Film Review: The Tale of the Princess Kaguya






Oscar-nominated The Tale of Princess Kaguya is the latest offering from cult Japanese animators Studio Gibli, creators of Princess Mononoke (1997), Spirited Away (2001), and the recent The Wind Rises (2013) among others. The story is based on a Japanese folktale about an old, poor bamboo cutter and his wife who discover a magical being in the form of a small girl (Princess Kaguya) and raise her as their daughter.

In exchange, the bamboo cutter is magically gifted with piles of gold and decides to move the family to a life of opulence in the city befitting a celestial being. When news of the Princess Kaguya’s mysterious beauty spreads, grasping suitors scramble to win her hand in marriage but her true desire is to return to a simpler life with her childhood friends in the bamboo cutter’s cottage.


The film’s charm lies in the way it navigates familiar fairy tale motifs – coming of age, the corruption of riches, the unworthy suitor, the quest for true love – with a genuinely subversive eye. Some have described Princess Kaguya as a feminist tale, and indeed the exquisitely drawn relationship between Princess Kaguya and her mother, as well as the centrality of her character in driving the narrative, support that sentiment. But this is also a film that asks ambitious questions about the clash of the temporal and spiritual worlds, the nature of life, death, loss and longing. The central struggle is not for a straightforward ‘happy ending’ but for a sense of meaning as the world-weary Princess Kaguya grapples with the harsh realities of human life.

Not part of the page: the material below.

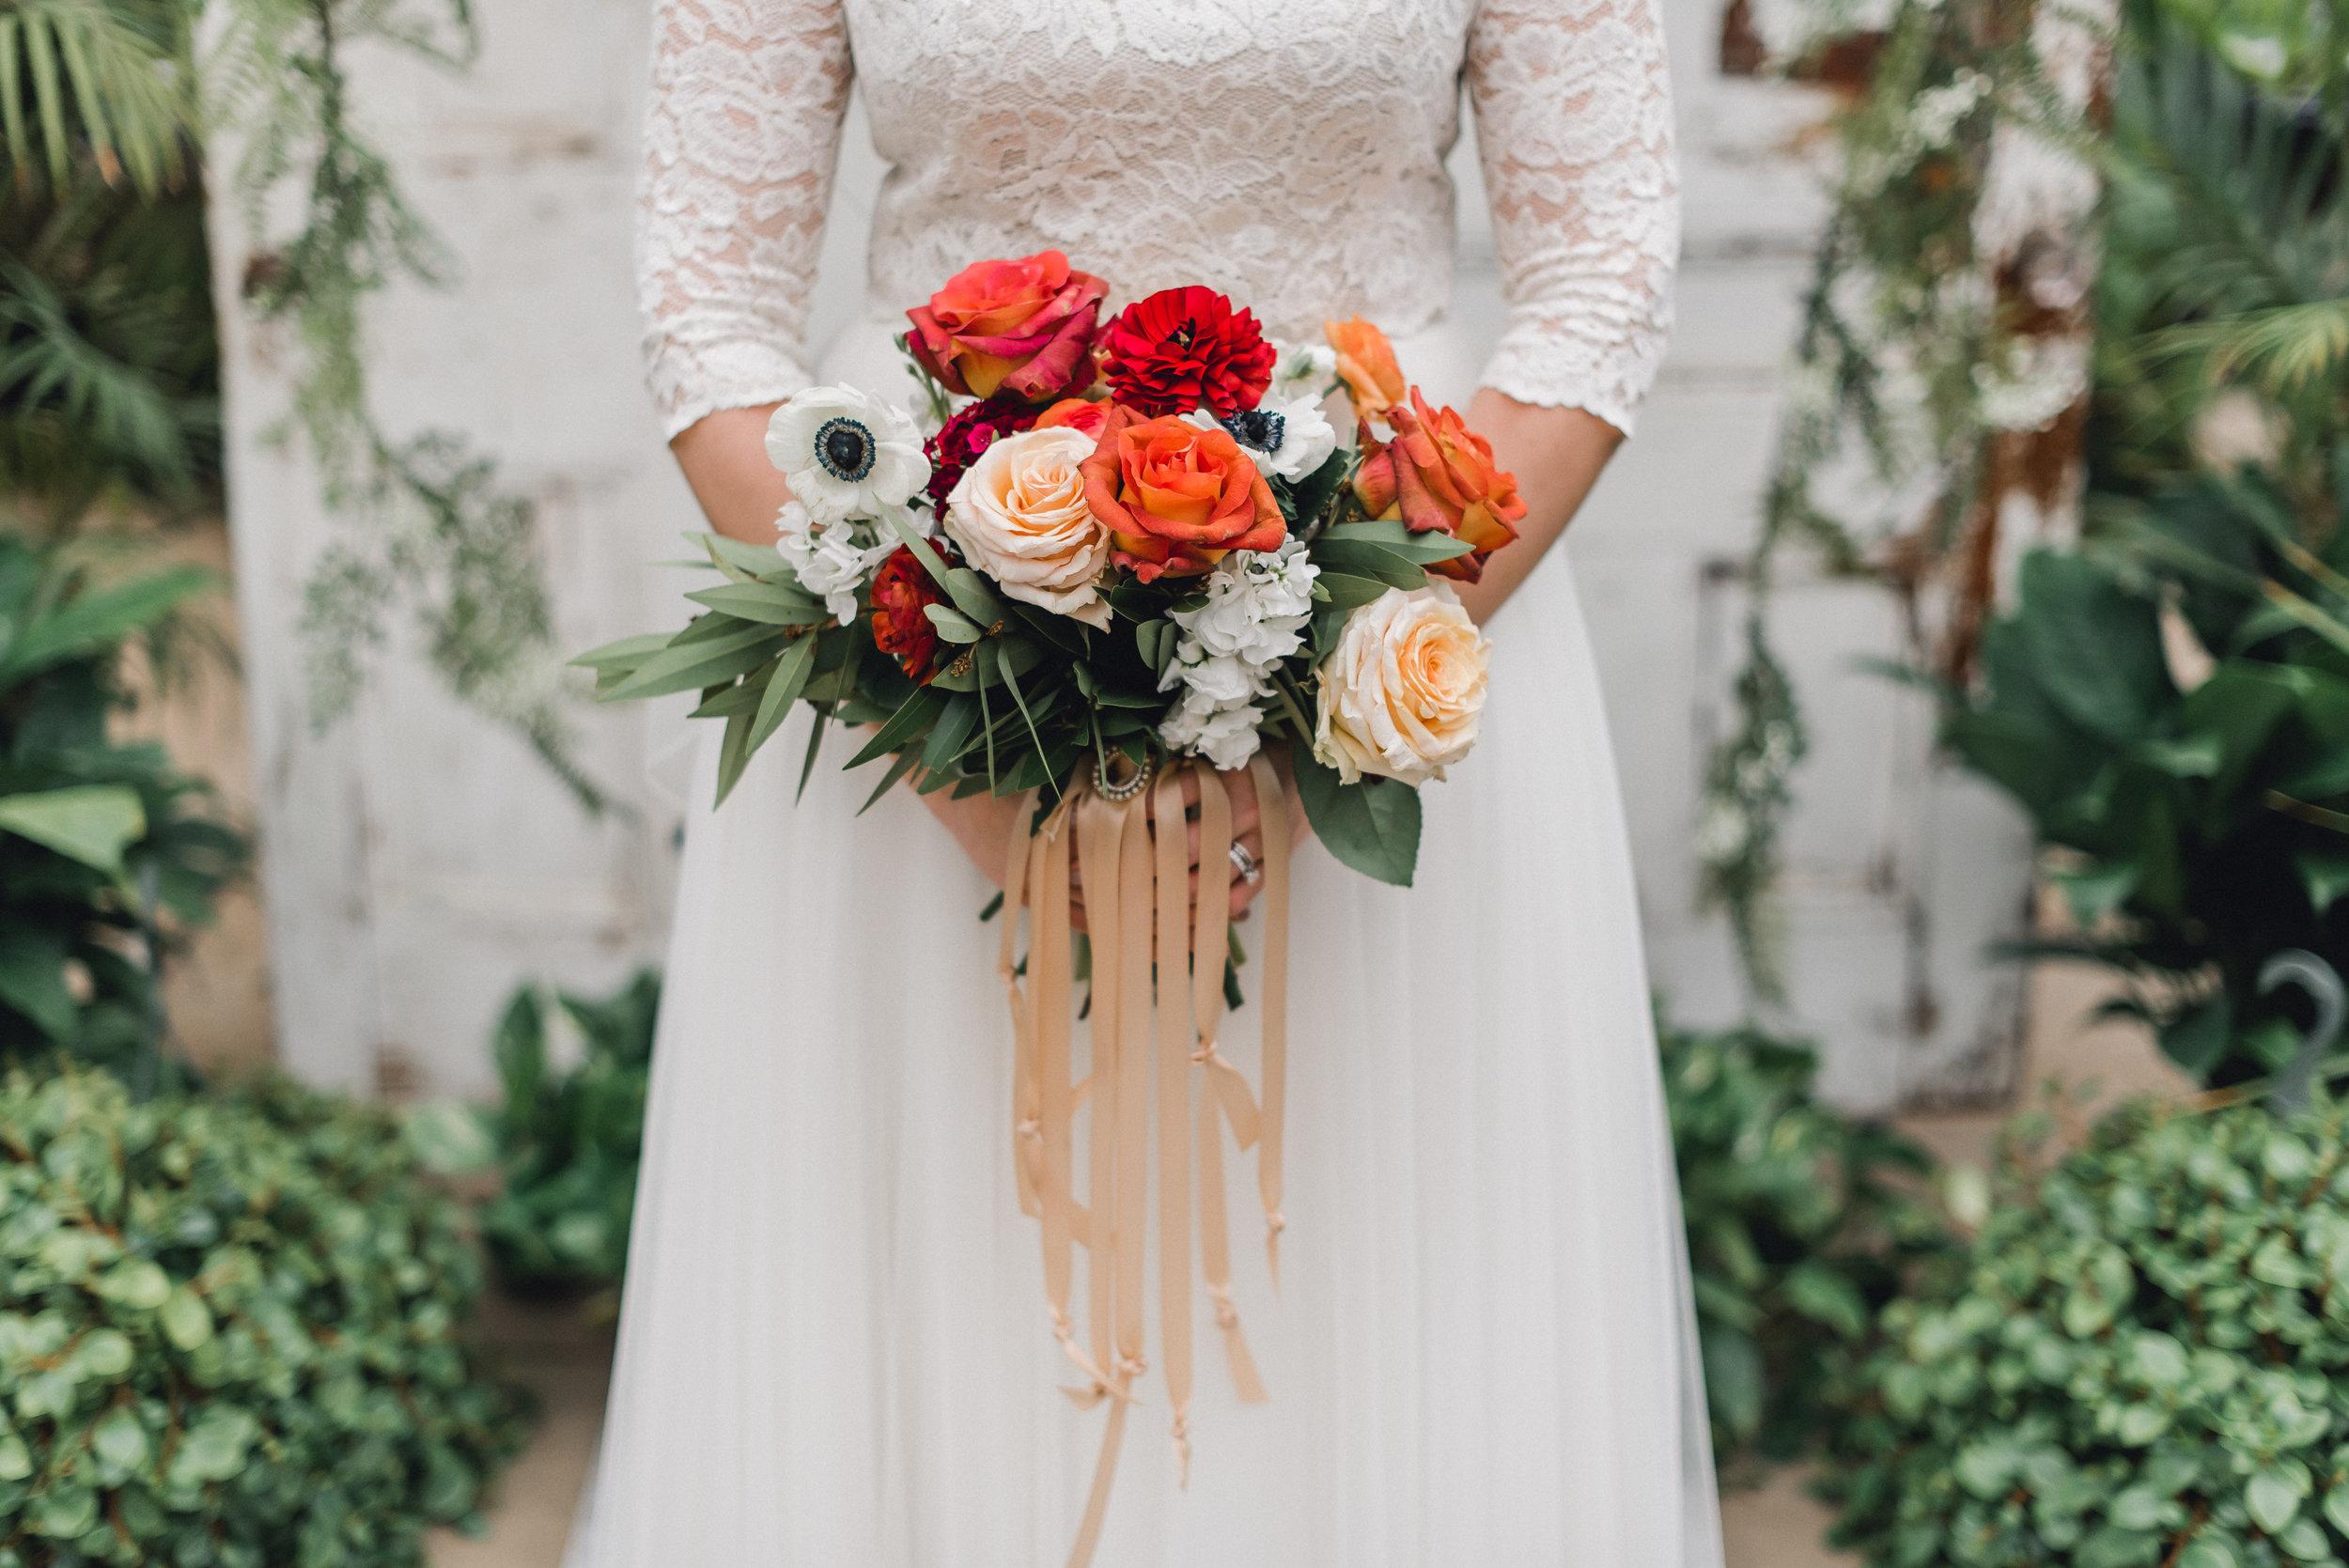 quality-gardens-valencia-wedding-bouquet.jpg

It’s hard to put a finger on exactly why, but Princess Kaguya strikes a deeply melancholic note with a hypnotic, meditative tone that somehow occupies the space between real and unreal, earthly and heavenly. Crucially Princess Kaguya showcases the emotional depth and texture that only hand-drawn animation can truly deliver. The visual style is moody and evocative, moving from a light, luminous almost water-colour quality to charcoal-black shadows and raw, impressionistic scrawls. This - combined with an ethereal score - results in a hauntingly mesmeric masterpiece that creeps beneath the skin and truly transports the viewer into an enchanting world of myth and magic.